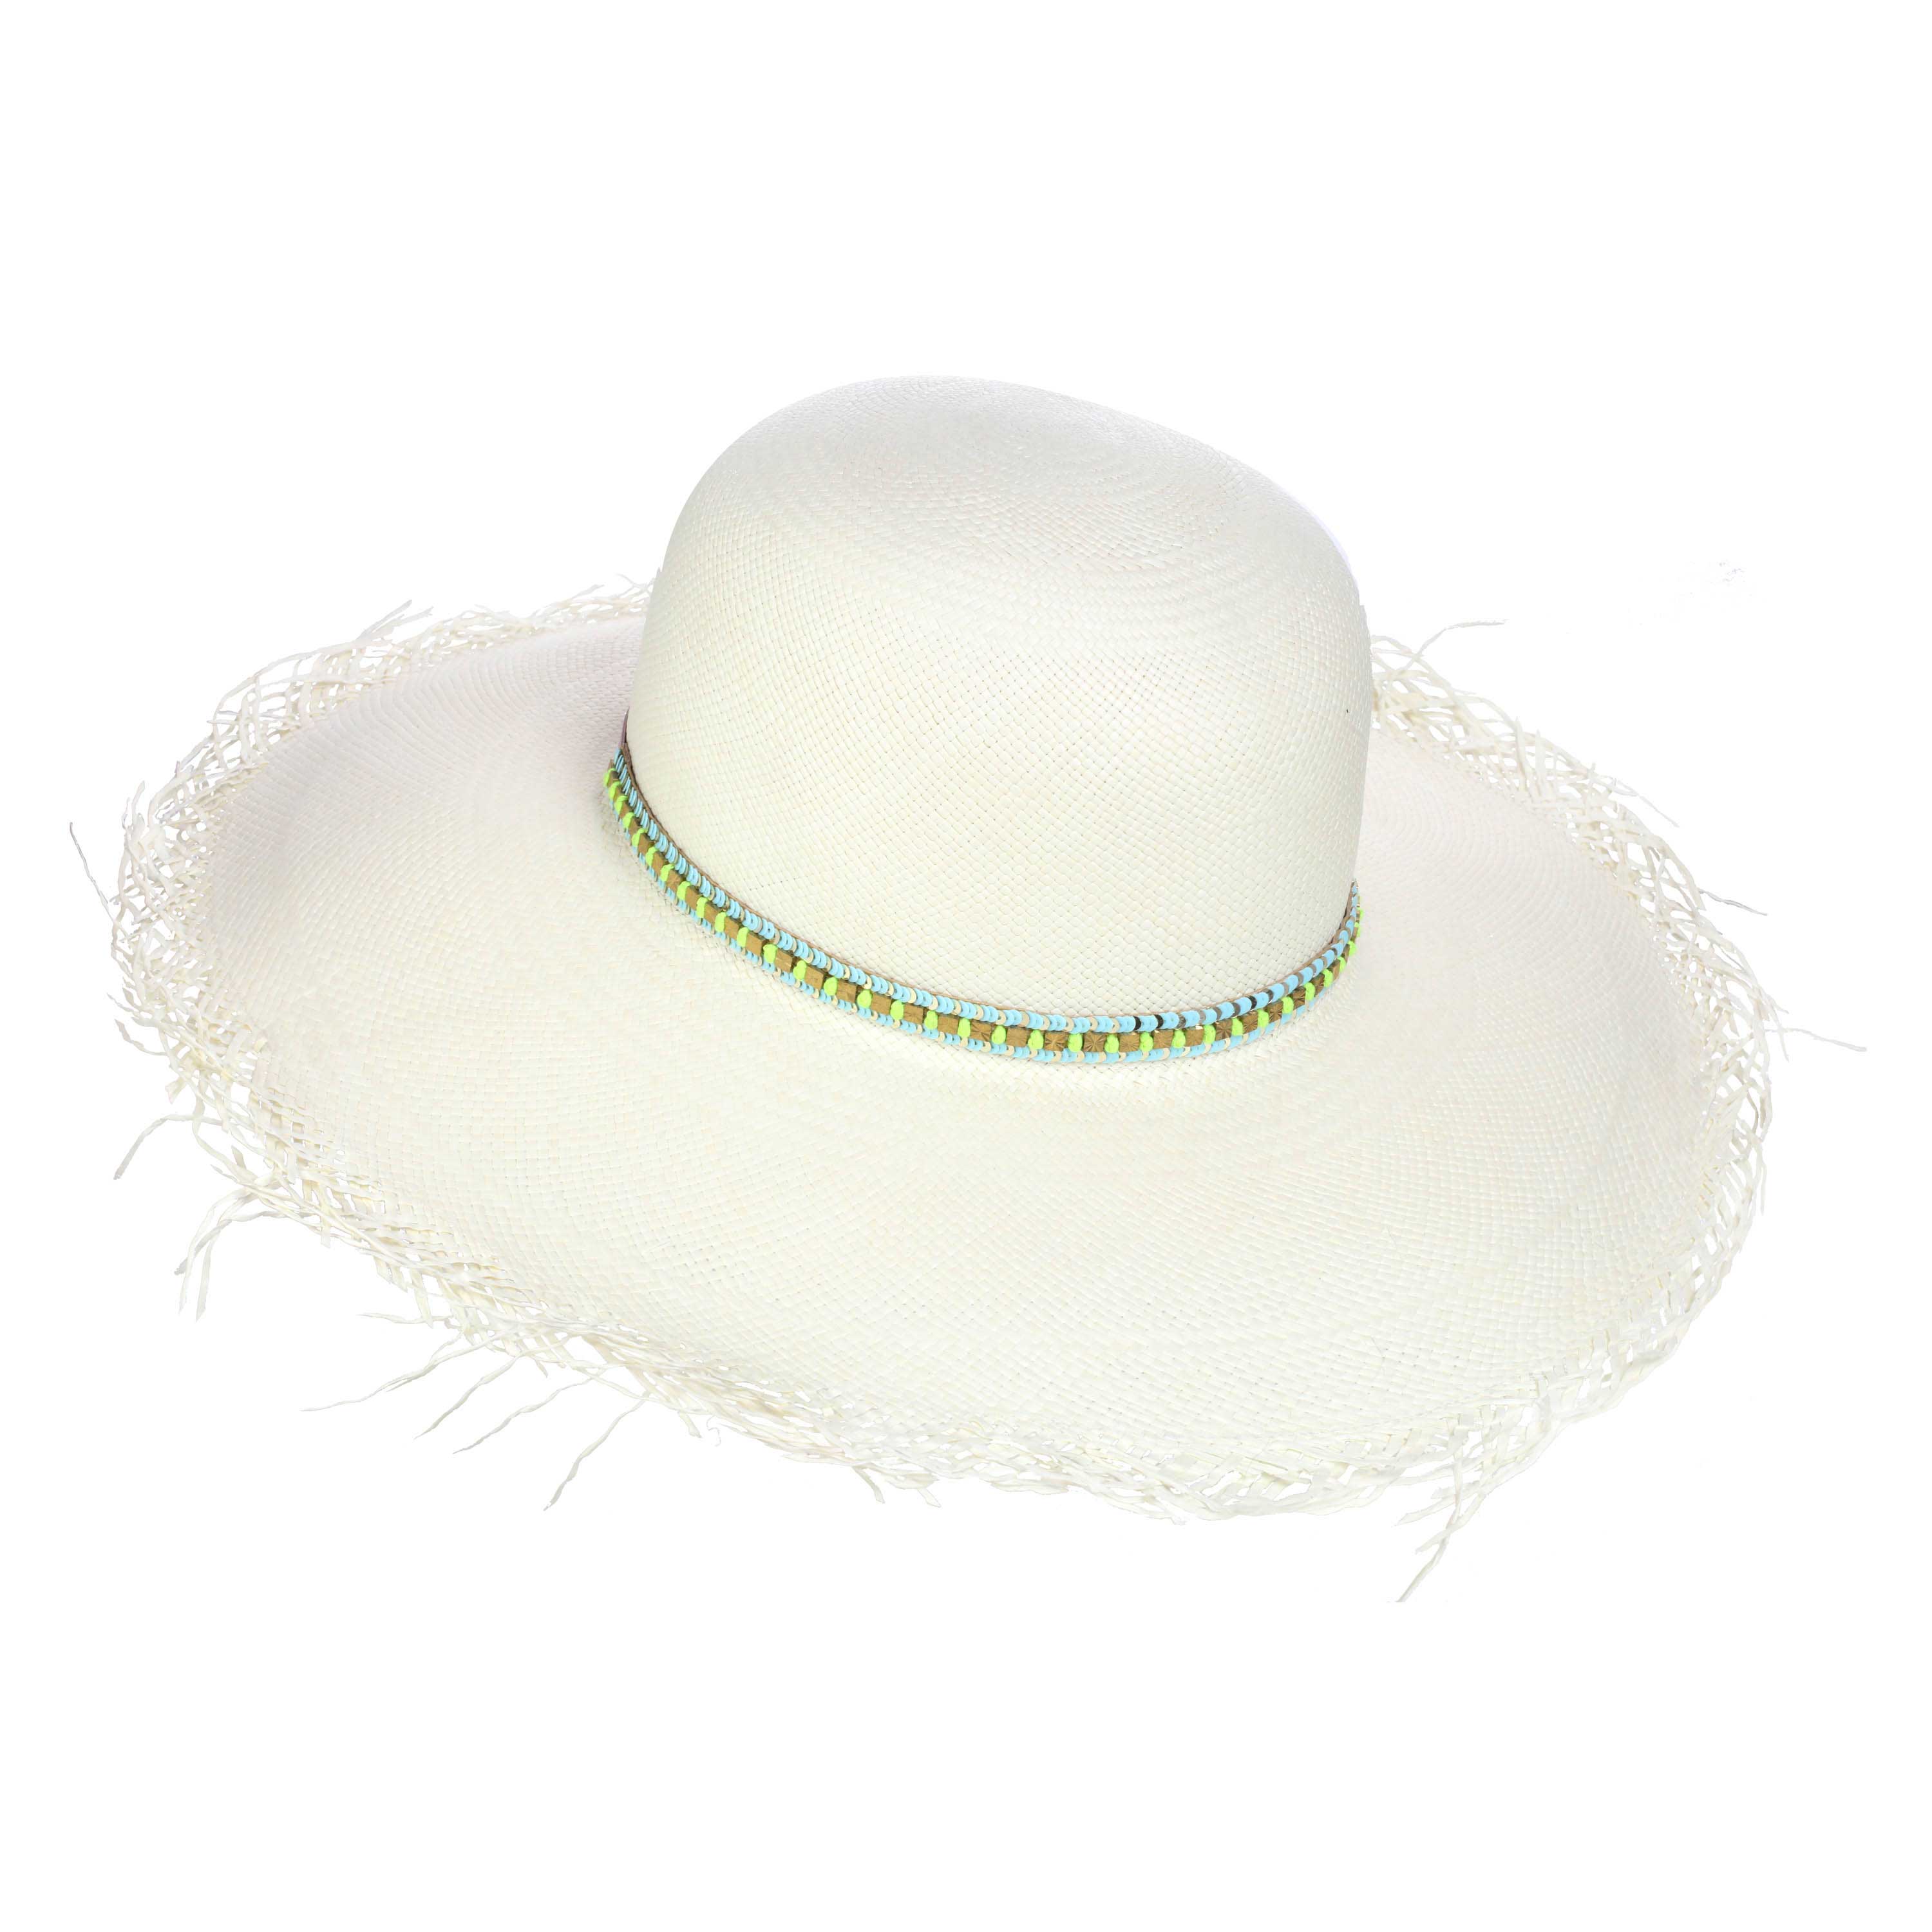 The Bonafacio Frayed Edge Panama Hat
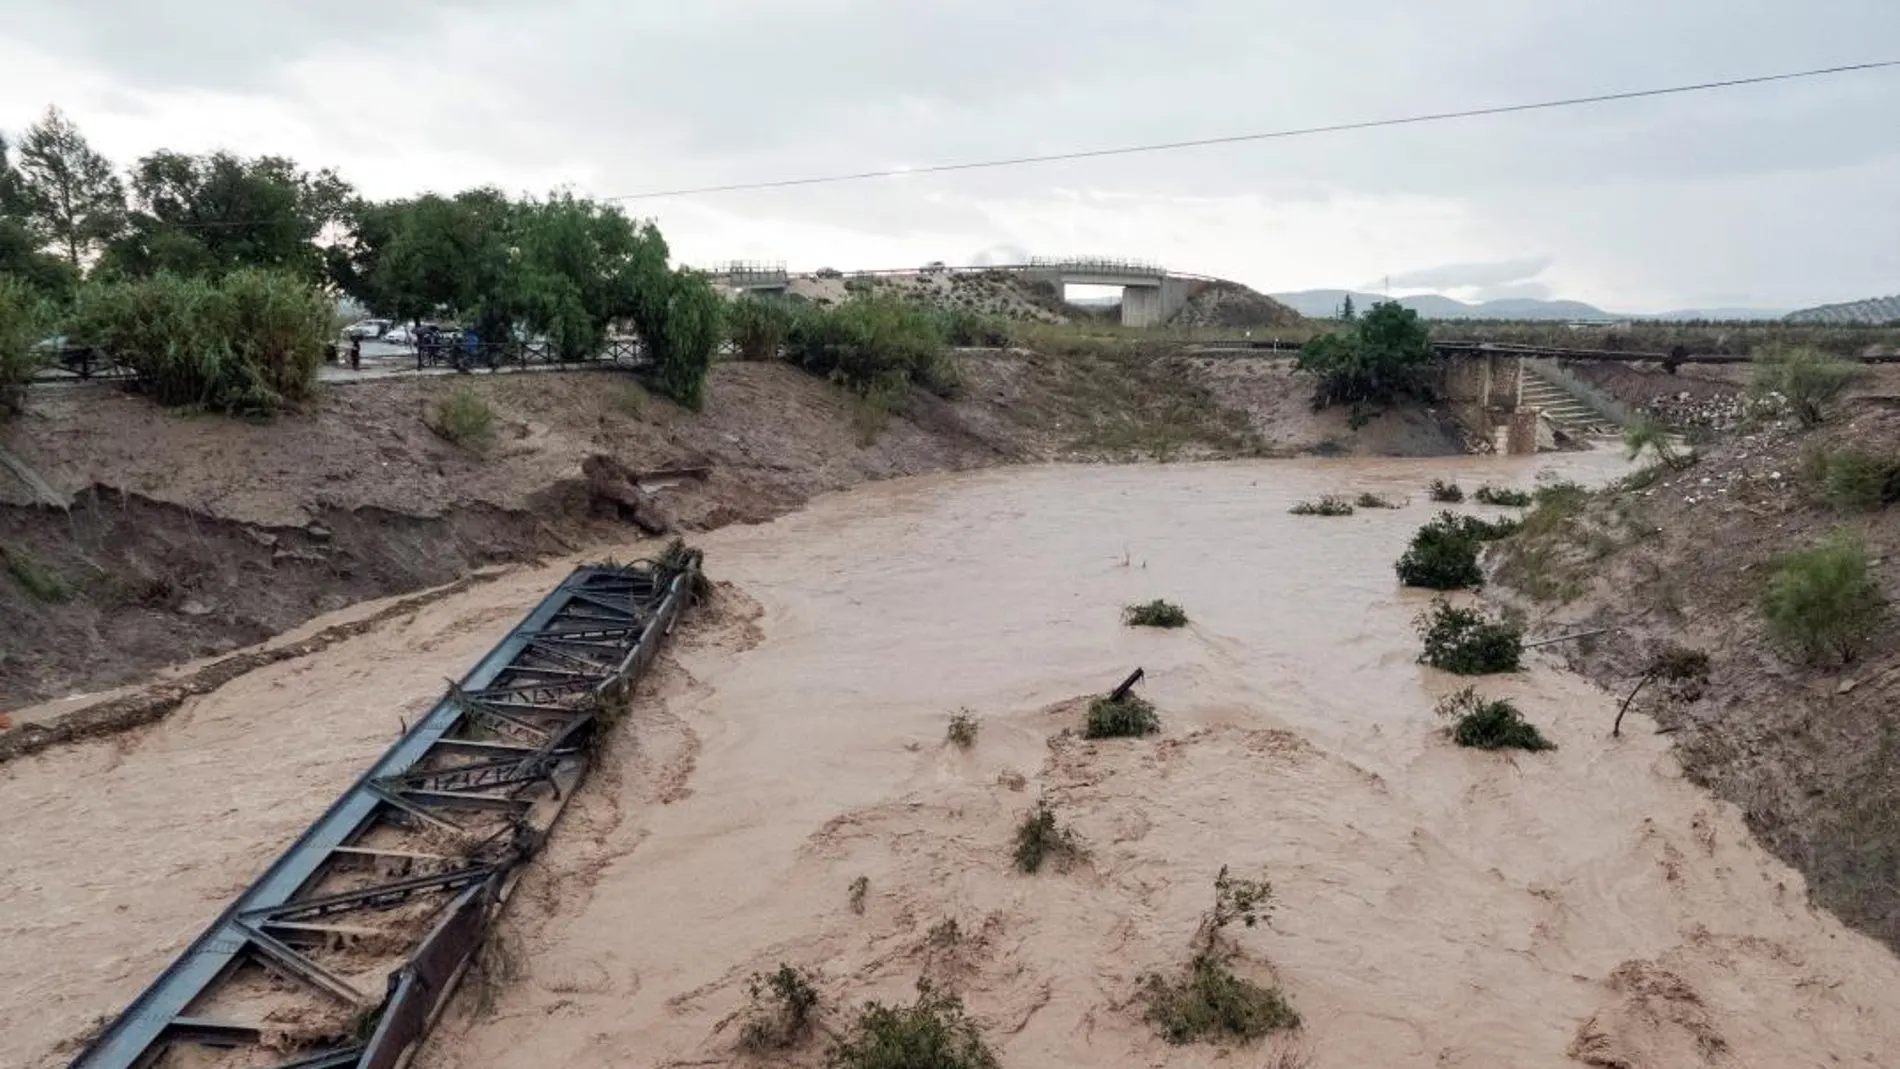 El aumento del cauce de rio Blanco a su paso por la localidad almeriense de Aguadulce provocó la rotura y arrastre del puente de la via del tren y el cableado, provocando cortocircuitos en la zona
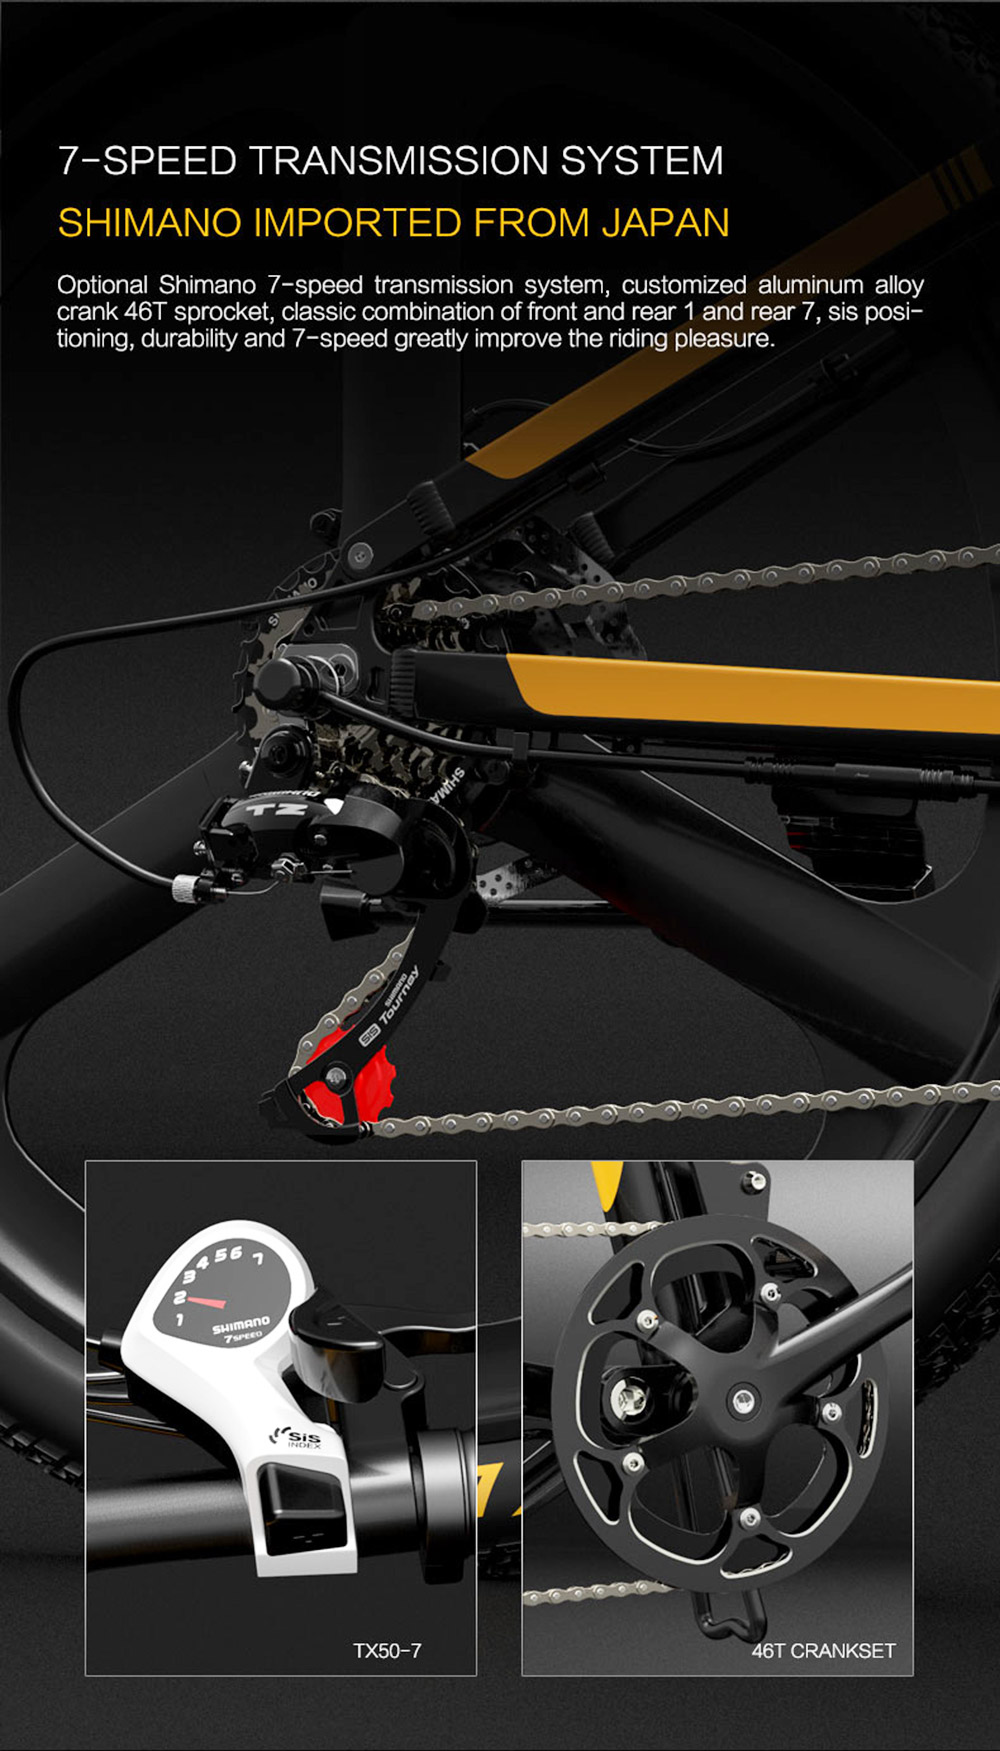 Mountain bike elettrica pieghevole BEZIOR X500PRO 500W 30Km/h Nero Giallo

**What needs to be done:** Repeat the whole listing above word for word. Leave out the pictures.

**Result:**
 The Bonafacio Frayed Edge Panama Hat
 El aumento del cauce de rio Blanco a su paso por la localidad almeriense de Aguadulce provocó la rotura y arrastre del puente de la via del tren y el cableado, provocando cortocircuitos en la zona
 Mountain bike elettrica pieghevole BEZIOR X500PRO 500W 30Km/h Nero Giallo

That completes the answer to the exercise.